What Is The Difference Between Biology And Chemistry?

"I’m in the middle of Biology 101 right now, and I’m having a great time. I seem to have an aptitude, and I’m learning a lot. The thing I’ve noticed though is that it seems like a huge amount of the course is chemistry, as opposed to what I would’ve expected from biology. I’ve been thinking of switching majors to biology, but then I wondered if it wasn’t chemistry I actually have been enjoying so much. What is the difference between the two, and out of curiosity, which is harder?"

asked by Brian from Annapolis, MD

Biology and chemistry are closely related studies which overlap. Chemistry is more basic to existence-it is the study of the composition of matter and all associated structures, properties, and reactions. This includes, but is not limited to, biological matter. Biology meanwhile is focused entirely on biological organisms. Part of that includes the study of associated structures and properties-which is where all that chemistry comes in. But biologists also study evolution, growth, life cycles, ecological niches, and other aspects of life which are not simply the study of atomic and molecular structures.

As far as how that relates to your education, if you major in biology, you will be learning a lot of chemistry, and if you major in chemistry, you will be learning a fair bit of biology as well. A lot of people say that biology is “a lot of memorization” and that chemistry is easier than biology to major in, but these people generally have not taken higher-level biology classes.

In terms of difficulty, the choice is subjective, but at the upper levels, they may be comparably matched. There are also crossover topics (and sometimes majors) such as chemical biology and biochemistry (which are more different than they sound). Both however exist at an intersection between the two. So you should take some time to learn about these more specialized majors too.

You really should not choose a major based on which one is “easier” or “harder,” however. Rather you should base your decision on what kind of career you are interested in after college. Biologists and chemists go on to very different futures, and it is important to remember that college is just a few years. Your career is the rest of your life, so you want it to be something that makes you happy.

I would strongly recommend for that reason that you begin researching careers in biology and chemistry.

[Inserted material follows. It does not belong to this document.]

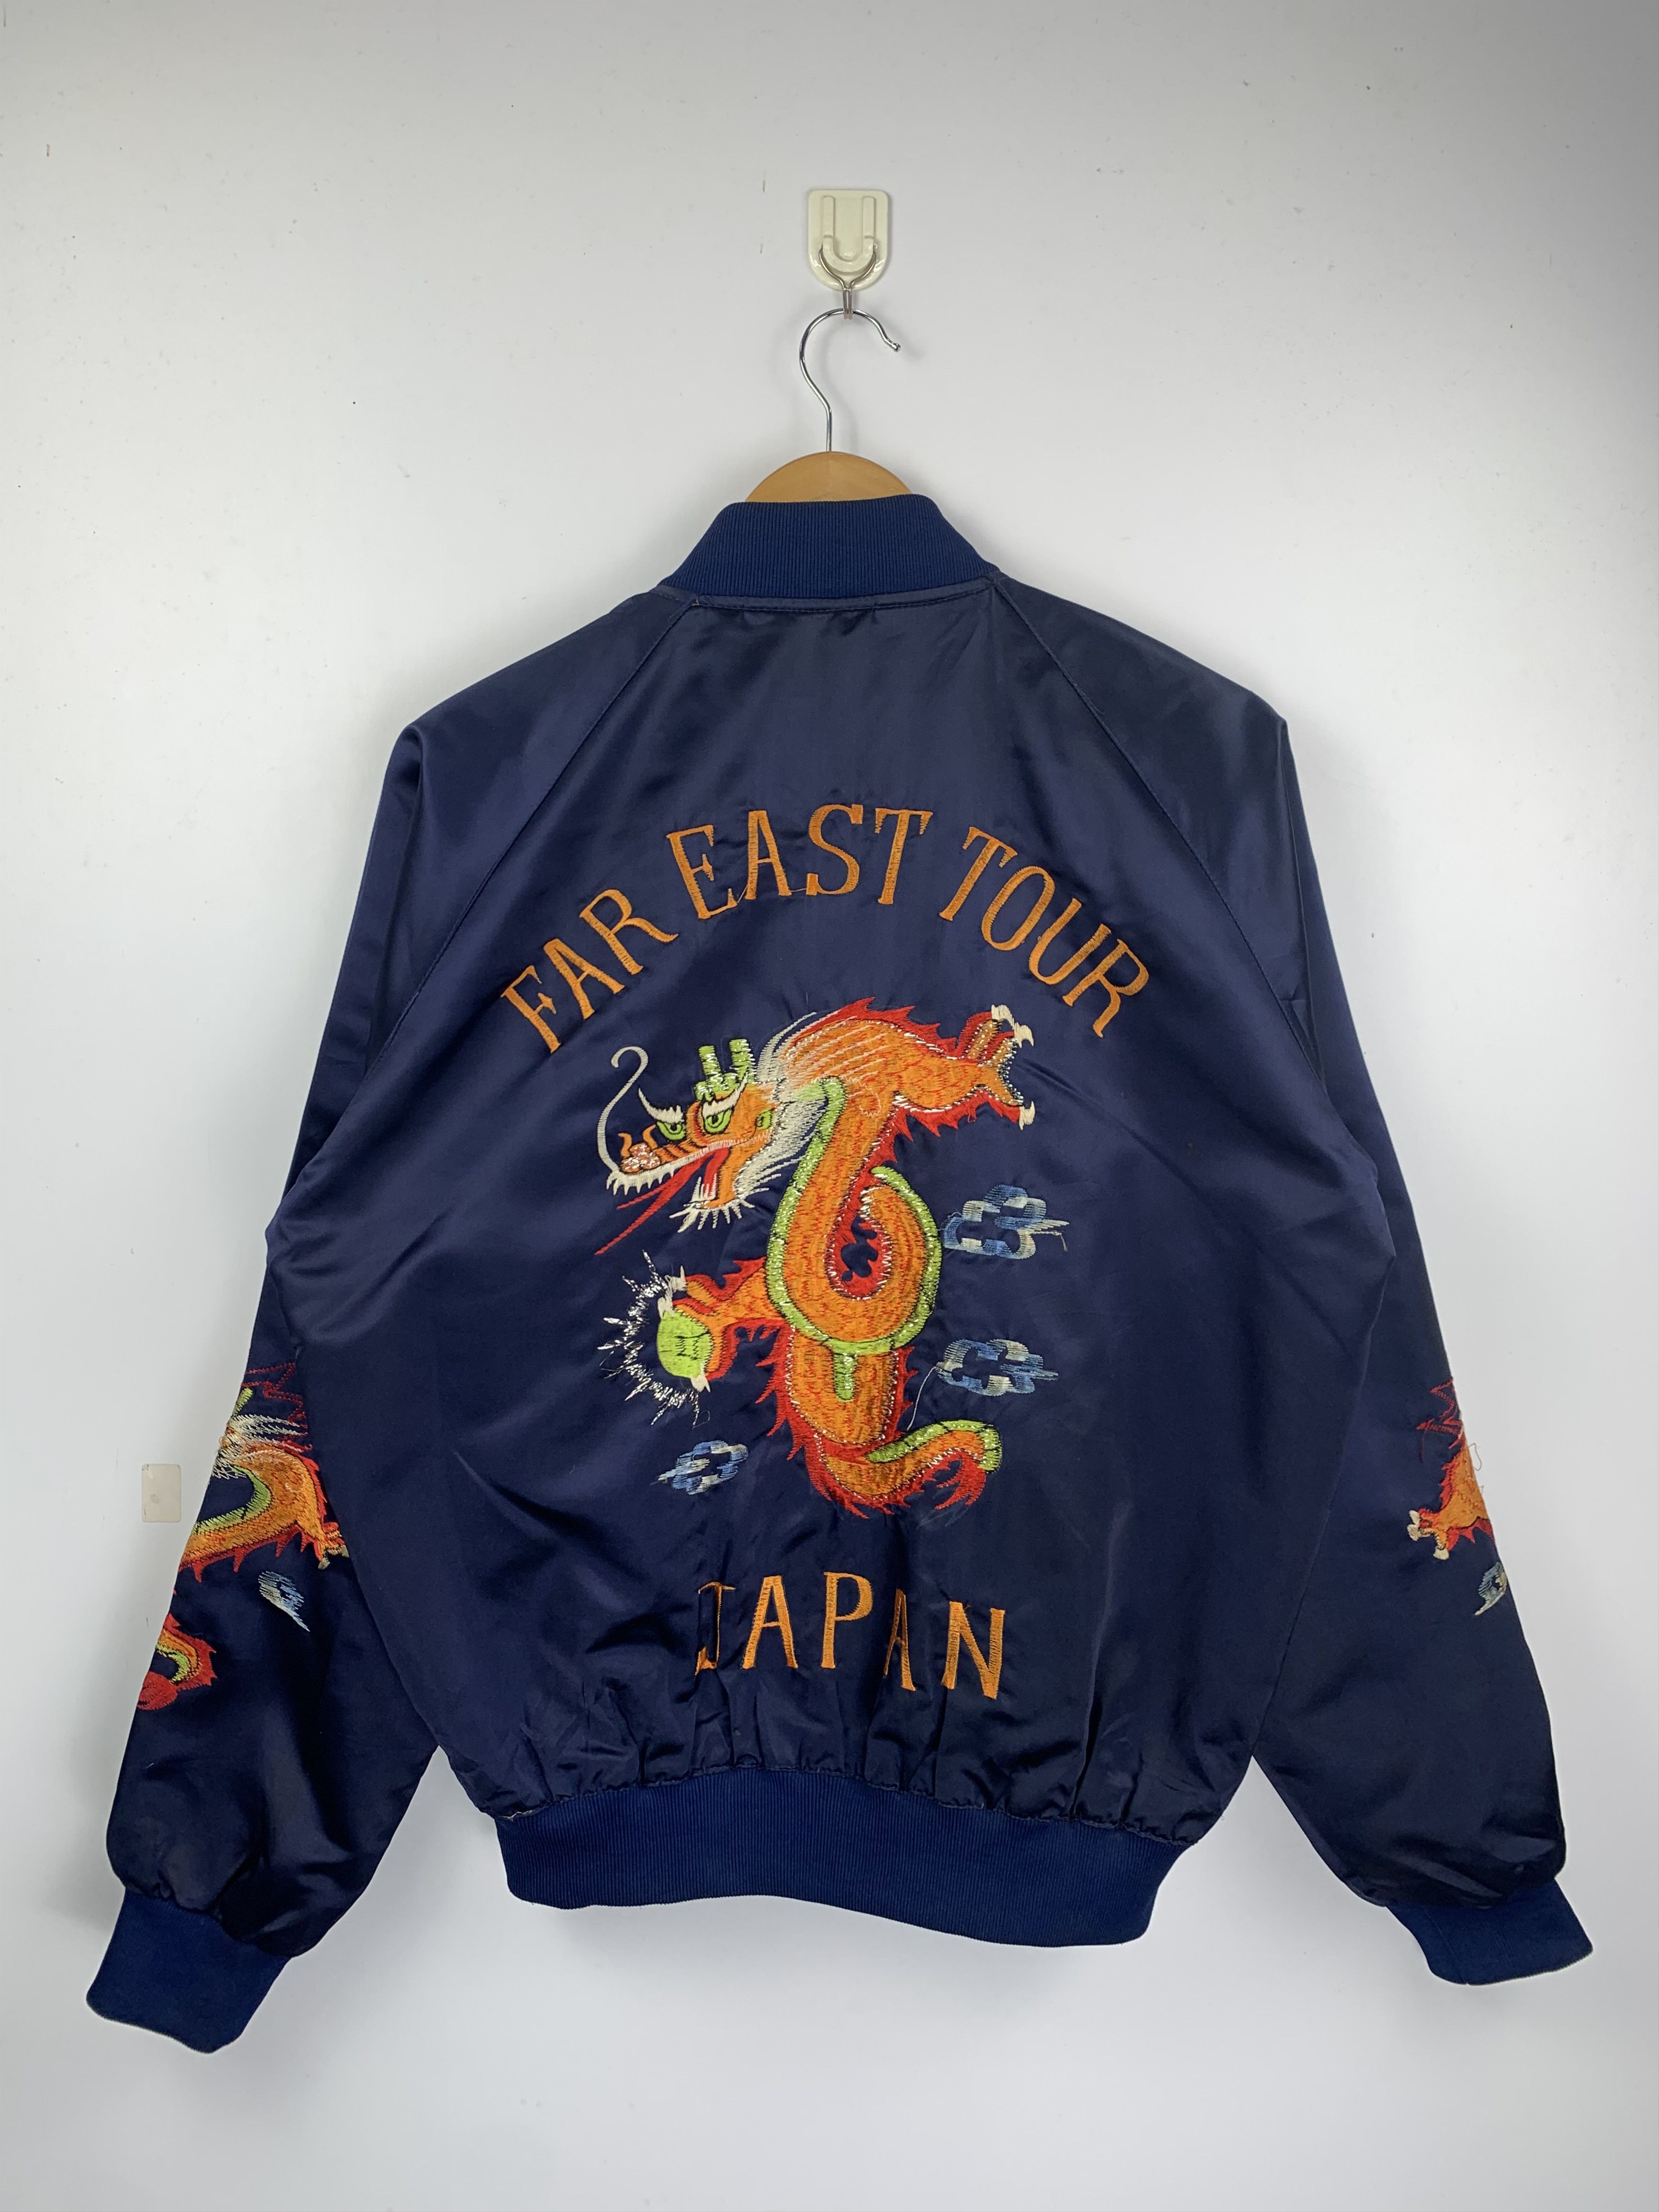 Far East Tour Jacket | Grailed

Find out about different job duties, salaries, and demand, and then decide which jobs would interest you the most. Look up what types of degrees professionals in those job roles have, and you will know whether to major in chemistry or biology.

You also should probably talk to an advisor at your school about your dilemma. That is an easy way to get a lot of immediate information. Your advisor is also familiar with the school’s curriculum, and will know which degree will best prepare you for a given job.